The poor, once they are no longer starving, have started looking ahead and improving their own lot. Their kids have gone to school and learned to read and write, and before we knew it they began to become technicians and engineers. Instead of taking just the jobs we did not want, they are now just as qualified as we and still doing the job much cheaper. So more and more work is done in developing countries, even work that we would not mind keeping here in the north-western world.

But this is not a process that goes on forever. China, for instance, used to be a low-cost country, but that is no longer the case. Well, there is still a reserve of rural poor, but it is no longer enough to supply all the cheap labor China needs. So China has outsourced cheap jobs to other, less prosperous, developing countries. Those of us who have lived a while remember when Japan caught up to our labor costs, and later Korea.

I used the expression “regression to the mean”, as in the rich nations becoming poorer and the poor nations becoming richer. But at the same time, the whole global economy is still growing. Even though some countries face shrinking incomes, others are standing still (which is not really a bad deal – zero economic growth does not mean zero money, it means no more money than last year.) And the mean, the middle, is still steadily rising. That is to say that even if we should eventually end up with the same income for workers in America and Namibia, that income will probably be closer to that of America than of Namibia, compared with before this process started.

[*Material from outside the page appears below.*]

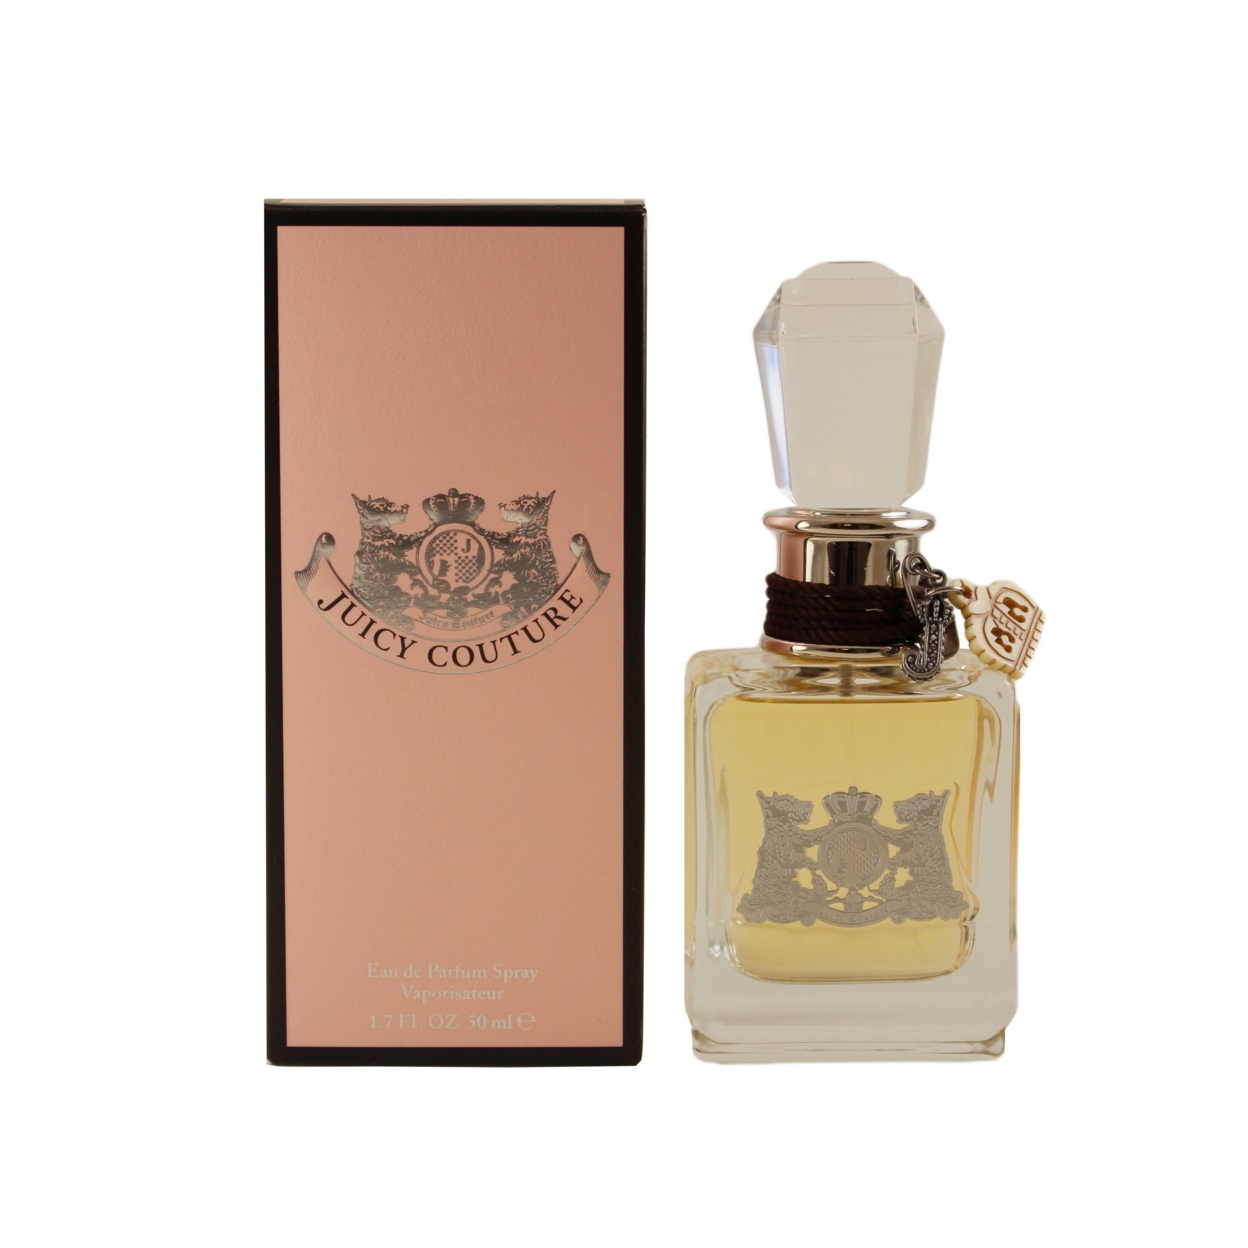 Juicy Couture Perfume By Juicy Couture For Women Eau De Parfum Spray 1.7 Oz / 50 Ml

Things could still go horribly wrong, of course. There are at least two big black swans. The one is a new major war. The Middle East could explode anytime, with Israel being wiped off the map and most Arab capitals reduced to glow-in-the-dark glass and radioactive rubble. China is likely – almost certain – to try to invade Taiwan (which most mainland Chinese does not think of as a different country but a small rebellious province). If they ever trust America to have a sane leader who is not willing to wipe out everything bigger than cockroaches rather than let a tiny island reunite with its parent country, that is. Right now, there is no such guarantee. So they bide their time. After all, for each year, China grows stronger compared to the rest of the world.

The other black swan, beyond war, is natural disaster. Global climate change is a glacially slow process – literally, because the world’s great glaciers play a key role in regulating the climate. So it will still be many years before the sea starts to flood the streets of London and New York every high tide. But other things could go horribly wrong. The supervolcano below Yellowstone could explode, as such hotspots do every few hundred thousand years. An earlier supervolcano eruption in south-east Asia almost put an end to Homo Sapiens – we were down to a few thousand at most. When Yellowstone goes off – and it is overdue – it will kill most humans in the USA in a matter of days at most and plunge the world into a temporary deep freeze. That is bound to depress the global economy for a while (and probably end the current civilization). But it could also be a thousand years from now – it has waited this long, after all.

Just as we cannot really know when the black swans will land, there are also “white swans”. We might discover safe fusion, finally (it has been 20 years in the future since I was a child). This would make energy trivially cheap for thousands of years at the very least. We could put an end to aging, possibly (although unlikely). That would certainly have some interesting effects, although we would still be mortal. We could develop technology to settle under the sea and colonize the three quarters of Earth’s surface that are covered by salt water.

So we don’t really know the future. We can only make guesses, and not very far ahead. But the current trend is one of convergence: One world, no longer first world or second world or third world. And I for one welcome our new global citizens.

2 thoughts on “Regression, not recession

    • If you mean in the sense that “past behavior is the best predictor of future behavior”, yes. I believe I have referred to this occasionally. But humans are not entirely “hardwired”. There is neuroplasticity – we can actually change the wiring of our brain through the way we think, as shown by brain scans of long-time meditators.